Театральный кружок
Любите ли. Театр. Ну, не так. Не так, как наша учительница начальных классов, и уж точно, не как преподавательница Дома Пионеров, и уж наверняка, не как несравненная классная англичанка, взявшая нас после третьего. Уж она-то понимала толк в искусстве, особенно в зрелищах. По театрам походили славно, что говорить, буфет один чего стоил, всю душу вымотает в антракте, не всегда ведь в кармане звенели пятнадцатикопеечные, да и десятюнчики, тоже не всегда, что уж про двадцарики говорить, медь звенела обычно. А пирожные в буфете – самое дешевое от пятнадцати как раз, и то позавчерашнее по виду, одно уж на подносе лежит два антракта, никто не берет…

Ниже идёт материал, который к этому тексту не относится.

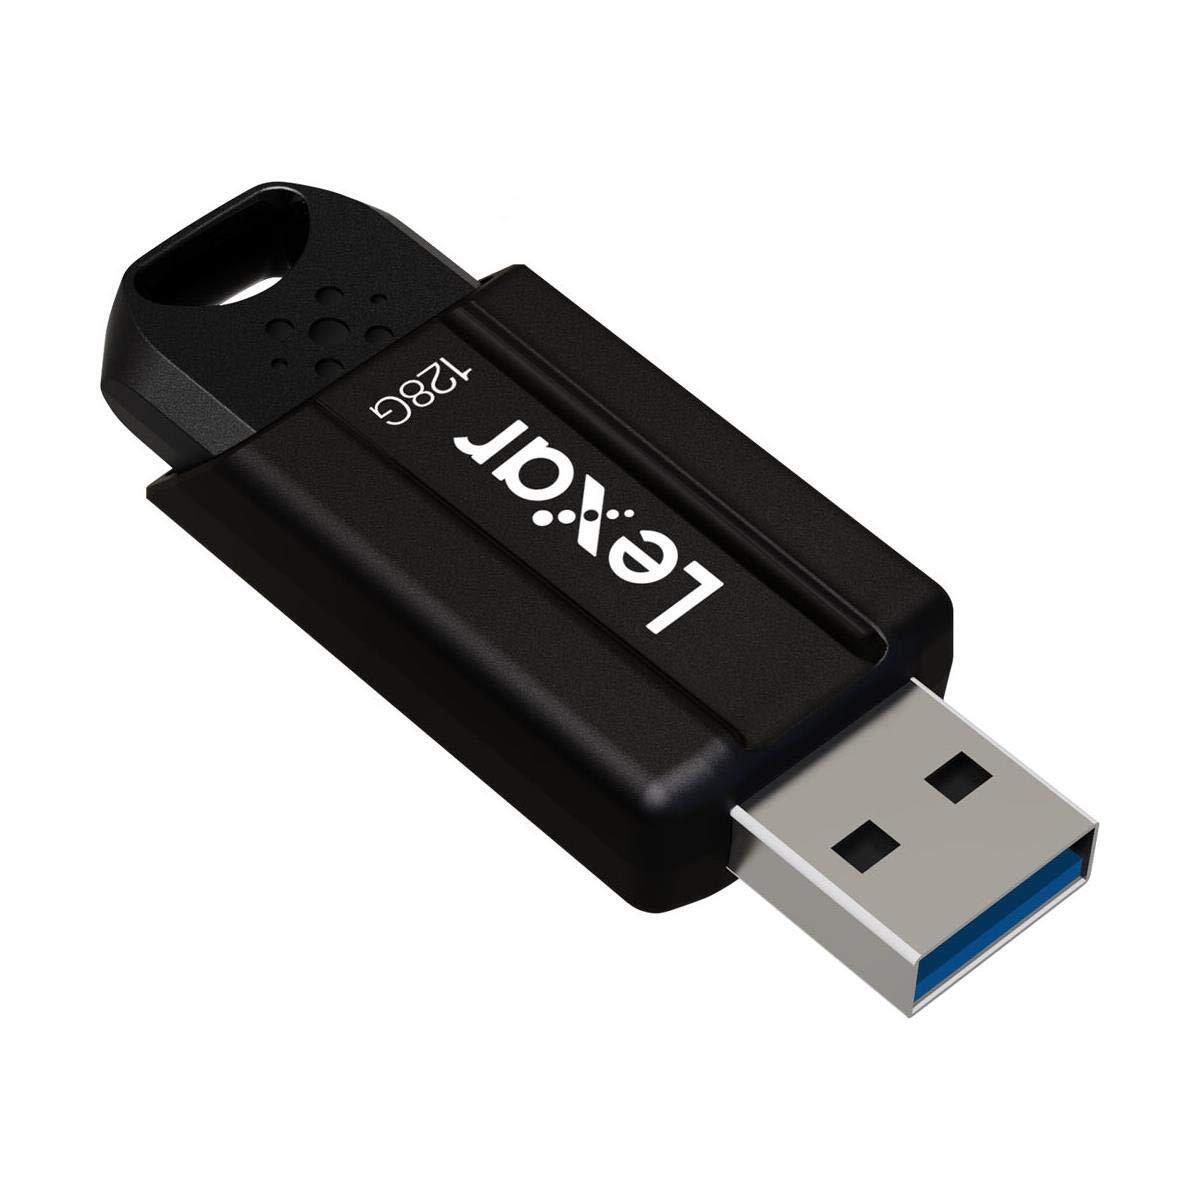 128GB JumpDrive S80 USB 3.1 Flash Drive for Storage Expansion and Backup, Up ...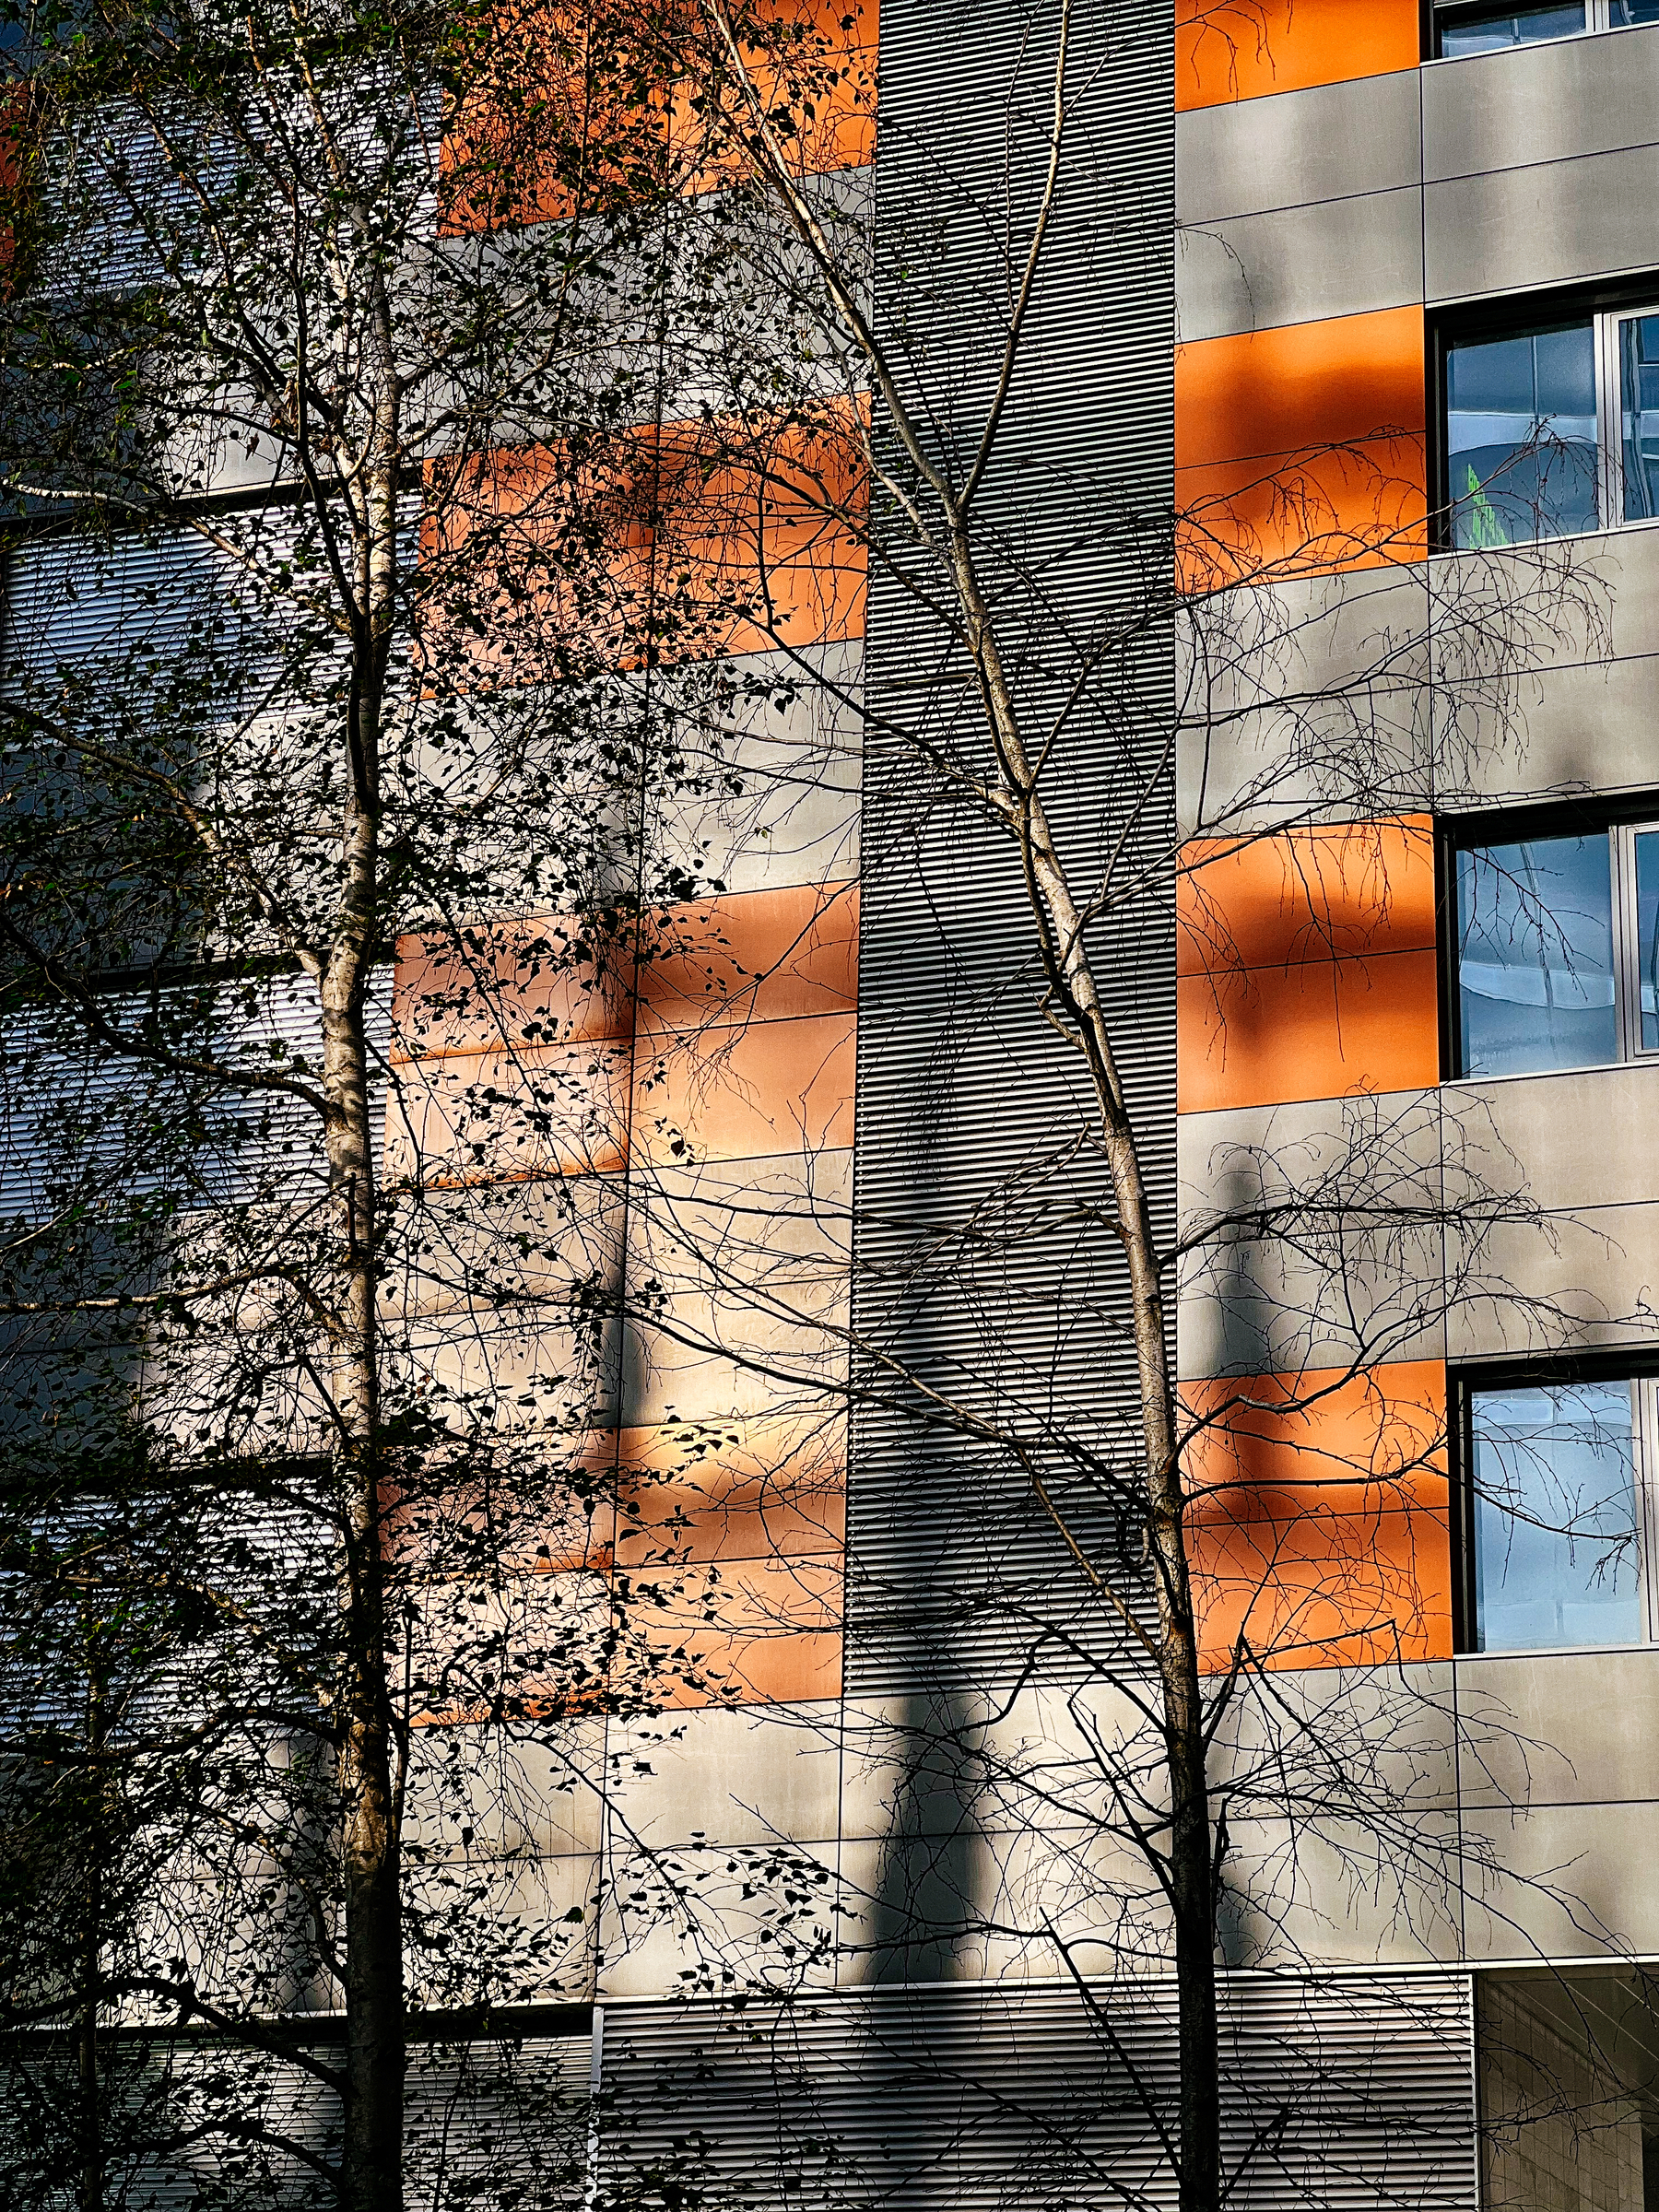 Detail of a building, with some trees in front of it, and sunlight reflected by the windows.

Раз взяли с братом такое, не пирожное, правда, булку взяли в булочной, когда с хоккея возвращались, дворового. Зашли в помещение теплое, отряхнули коленки белые, клюшки деревянные в угол поставили, шапки зайца черного с ушами с голов мокрых от ходьбы сорвали, и тут же по носу получили запах тепла размякшего и хлеба сдобного. Ты помнишь, как пахла вечерняя булочная зимой с мороза если в нее под закрытие, да к деревянным полкам глазами прильнут, да посмотреть сквозь их плоскость наклонную, к тебе пустым брюхом обращенную, в рощелину внимательно глазами детскими зоркими, мелькнет, может, где халат продавщицы бойкой белой, или грузчика синий, что тележку новую на утро вкатывают, вкатывают, но не выкладывают, а ты в надежде: вдохнешь ноздрями крошки душистые, и что осталось, пробежишь быстрыми, и ну, мять вилкой – может, свежее. А есть очень хочется, а на двоих только одиннадцать мелочью морозной, а она лежит в вечерней булочной одна на полке, и больше никого рядом. Я ее вилкой на веревке помял, помял – вроде нормальная, говорю, вроде давится, взяли, на кассу понесли. А там тетя добродушная во весь кассовый терминал улыбается всем телом, ну что, выбрали, красавцы с коленями оттянутыми. Выбрали, тетенька, выбрали мы Вас уже давно. В самые добрые тетеньки выбрали, но это потом, а сейчас булку диетическую, мы таких даже и не ели, попробуем. Все батоны по тринадцать, редко по двадцать пять с чаем, если мягкие. Мягкие. Вилка эта мягкая у Вас, тетенька добрая, вилка прогибается, а булка нет, она уже тут неделю не прогибается, а вилка прогиб сталью своей сымитировала, вот мы за нее и ухватились, чугунные. До дома только корочку с одной стороны надгрызть удалось, с одной стороны, а другой гвоздь в землю мерзлую одним ударом бы вогнать можно было в памятник памяти вашей несравненная тетенька добрая. Да где уж нам, детям малым, вас жалить, перетерпим и это, и одиннадцать морозных копеек на двоих тоже.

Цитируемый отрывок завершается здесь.